Your objective: Your task is to return the listing below word for word, without any of its images.

====== Data segment ======

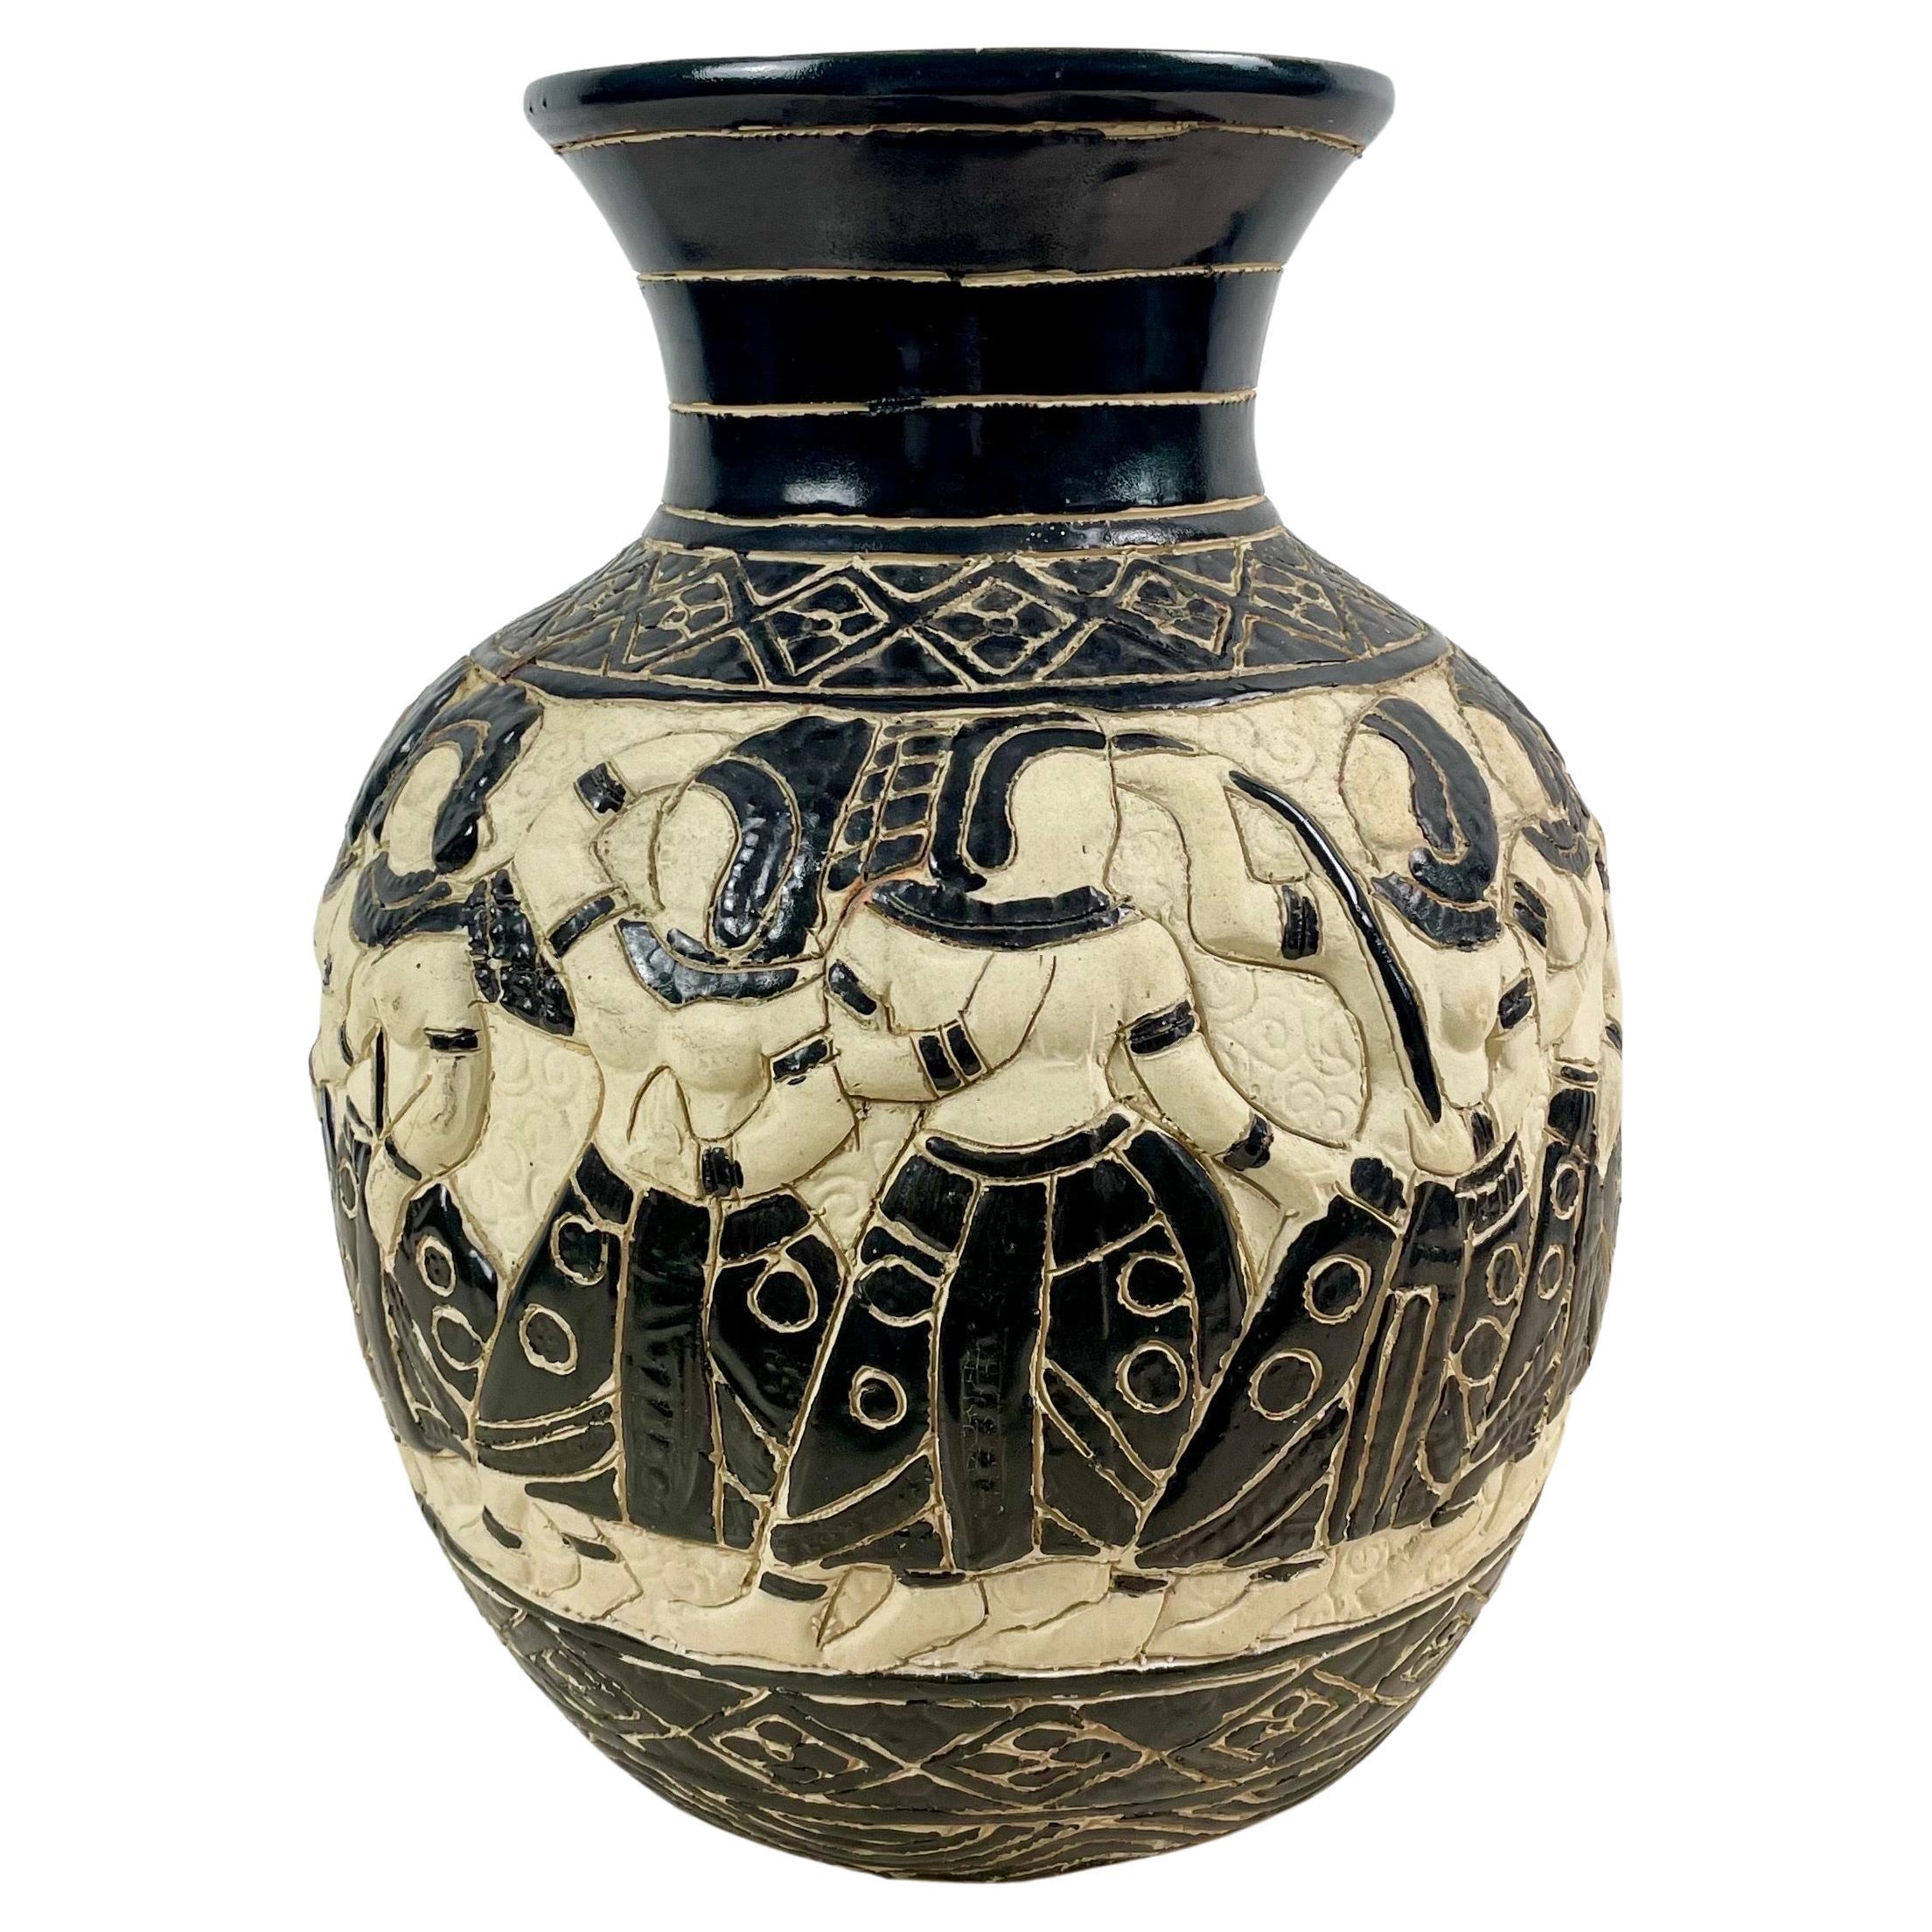 Large Vietnamese Bien-Hoa black ceramic vase decorated with dancers - circa 1930
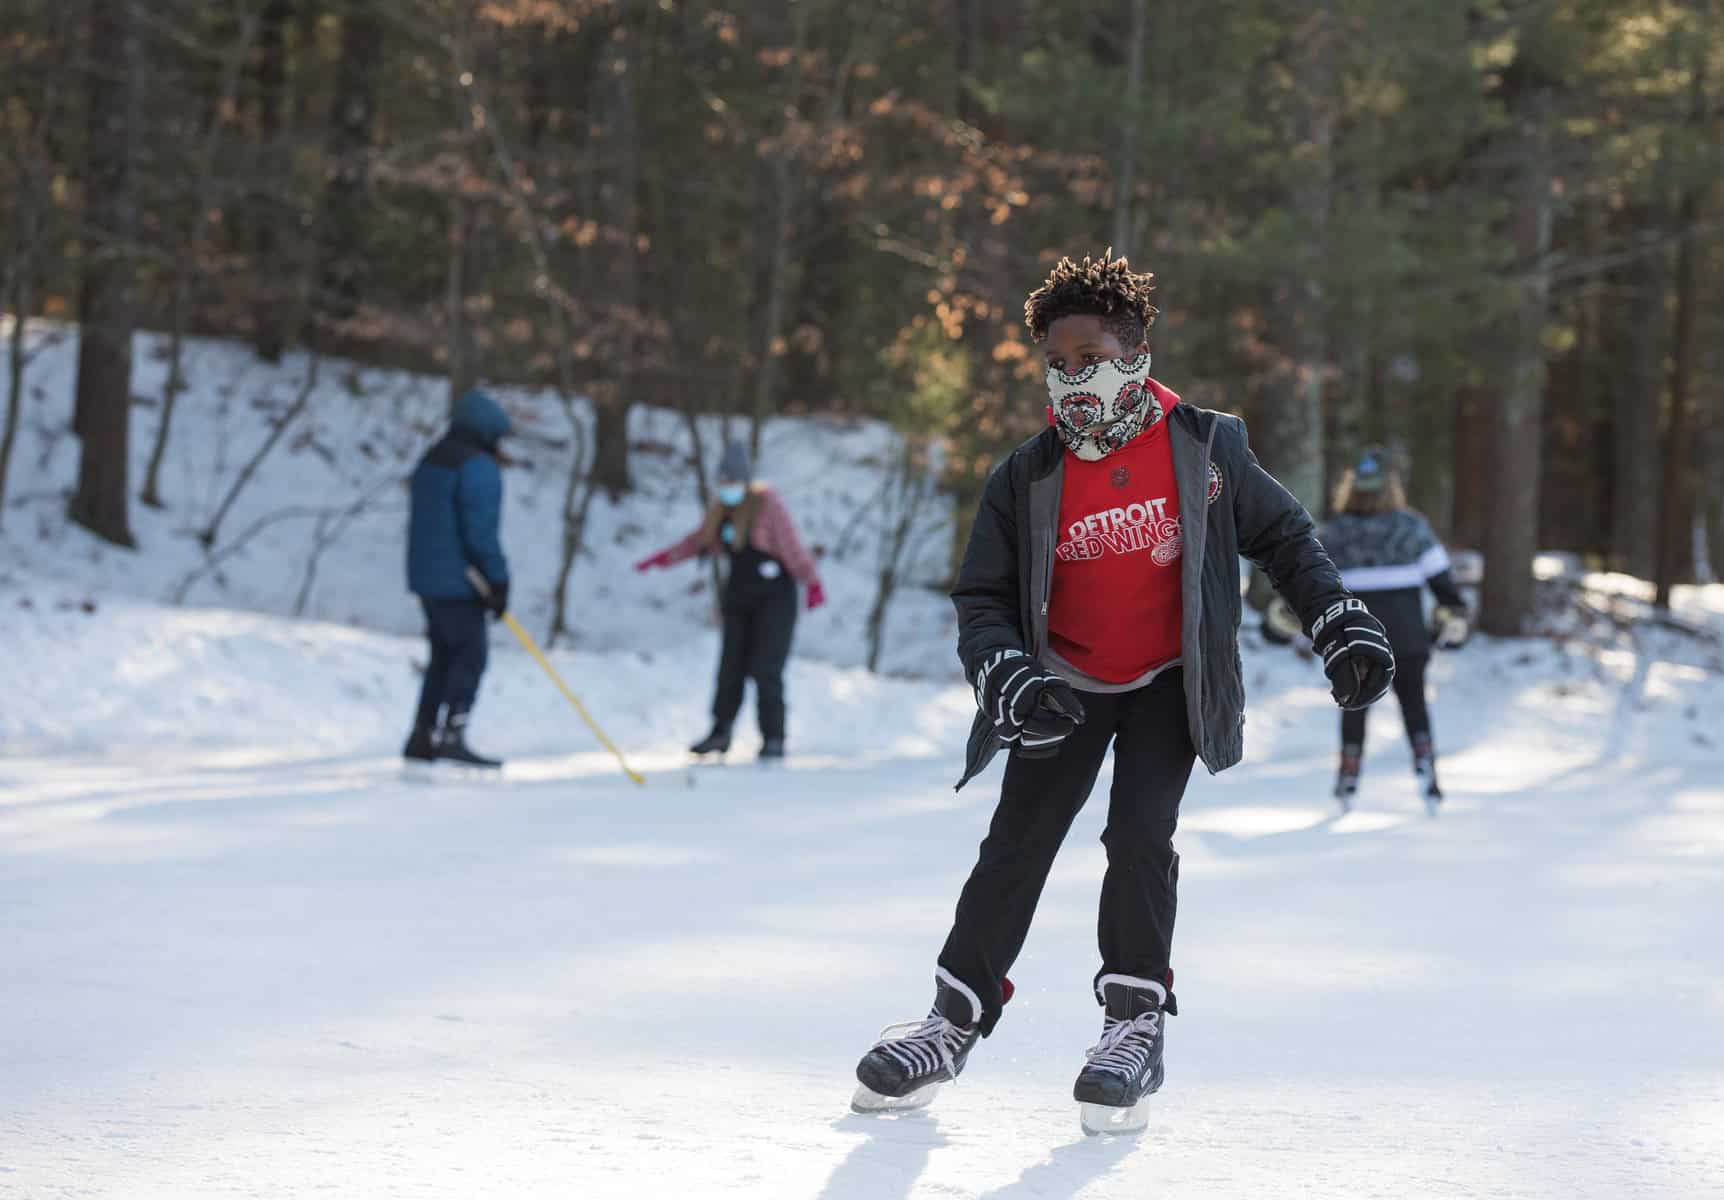 season pass includes ice skating
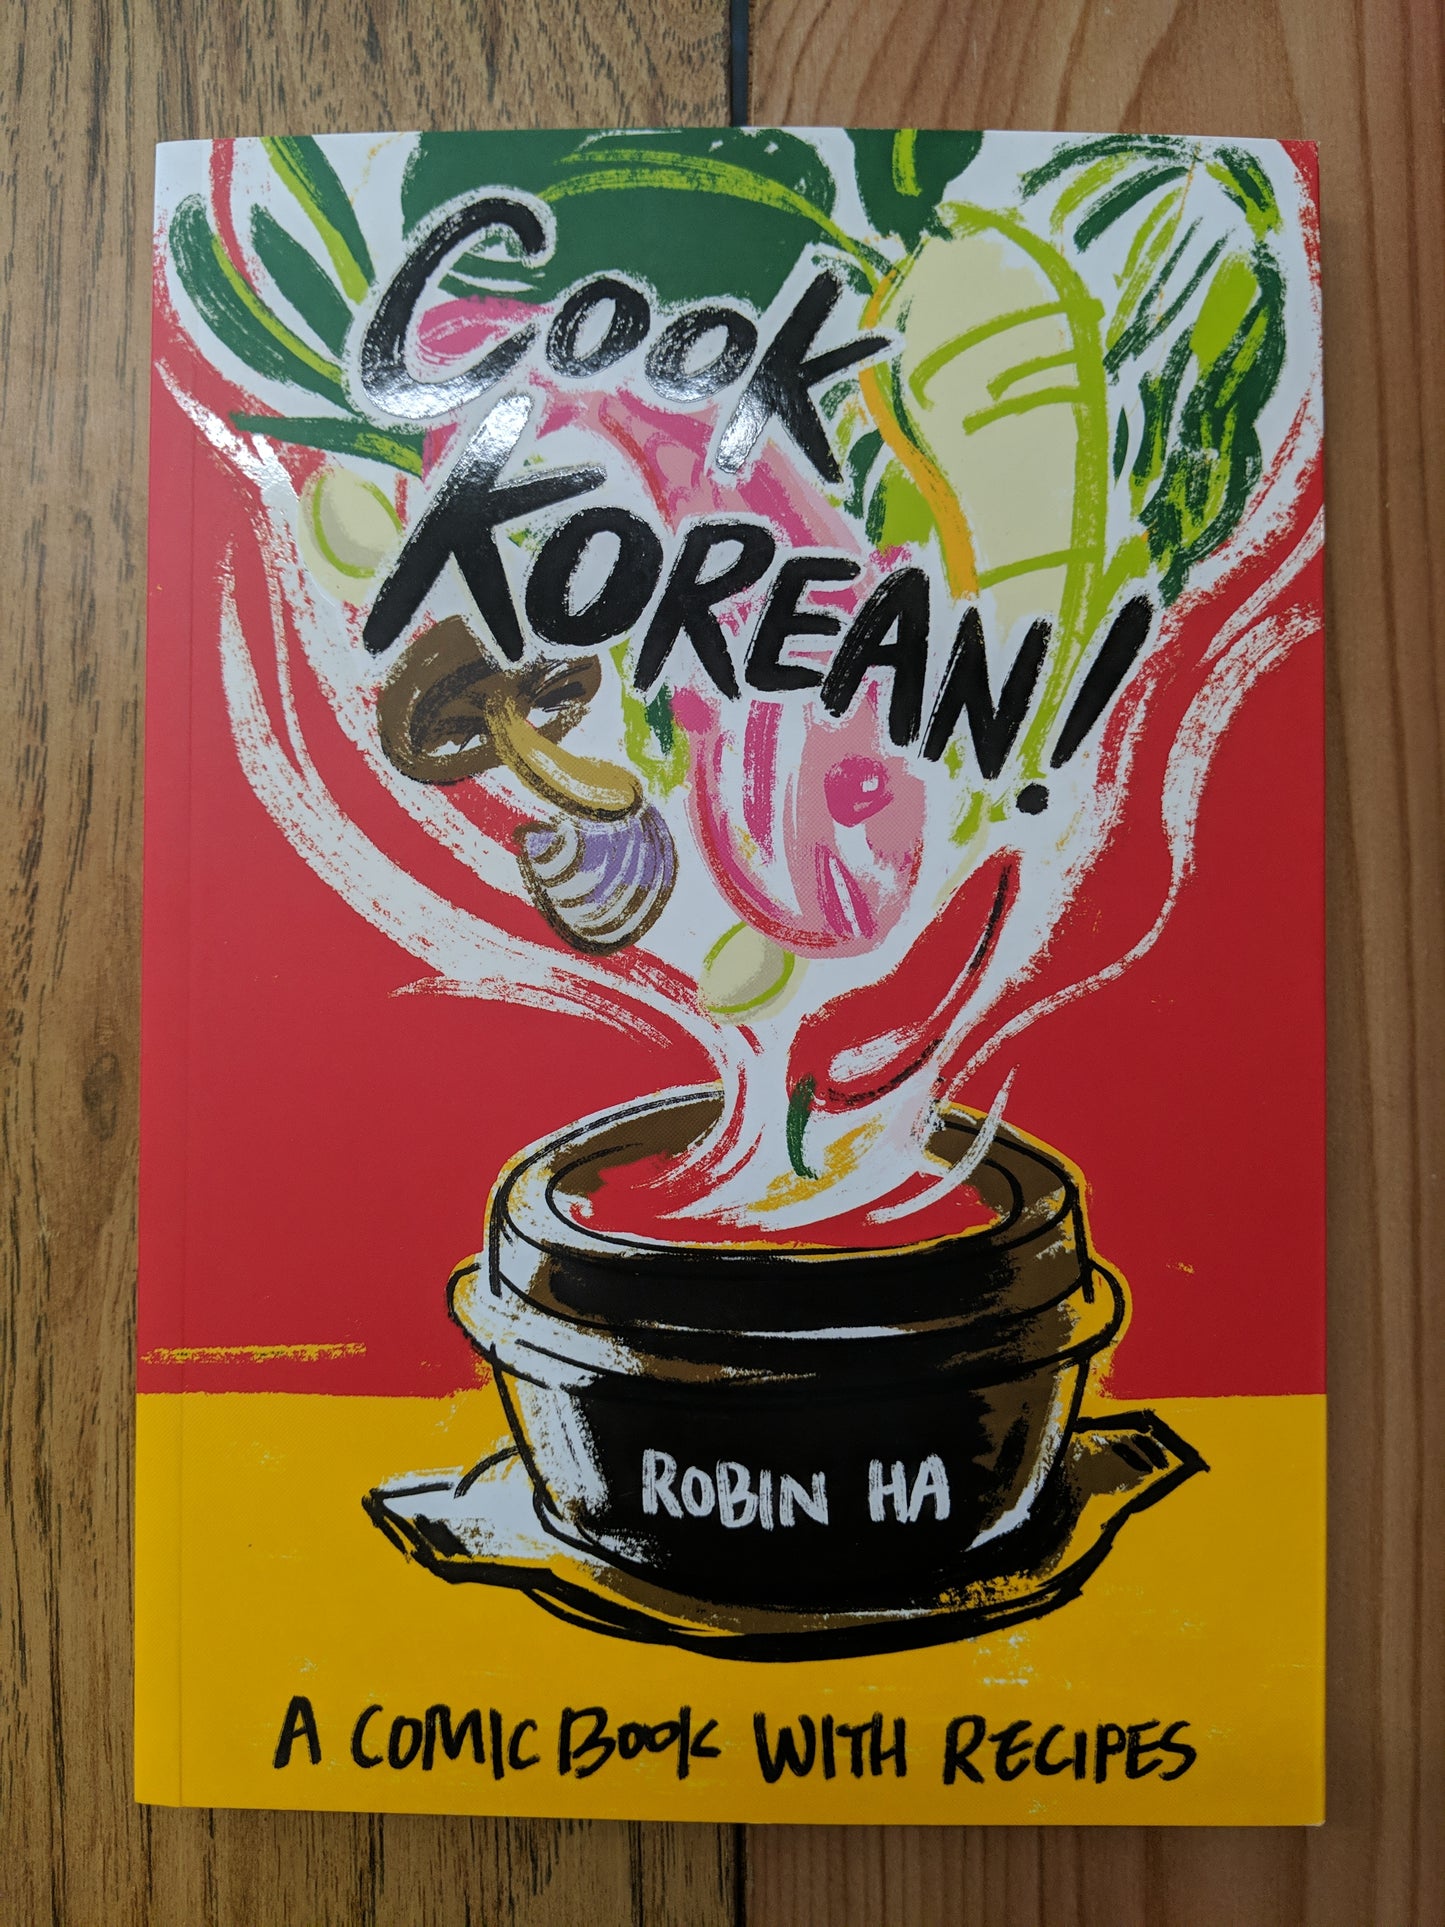 Cook Korean! A Comic Book with Recipes

======

Your response:
 Large Vietnamese Bien-Hoa black ceramic vase decorated with dancers - circa 1930
 season pass includes ice skating
 Cook Korean! A Comic Book with Recipes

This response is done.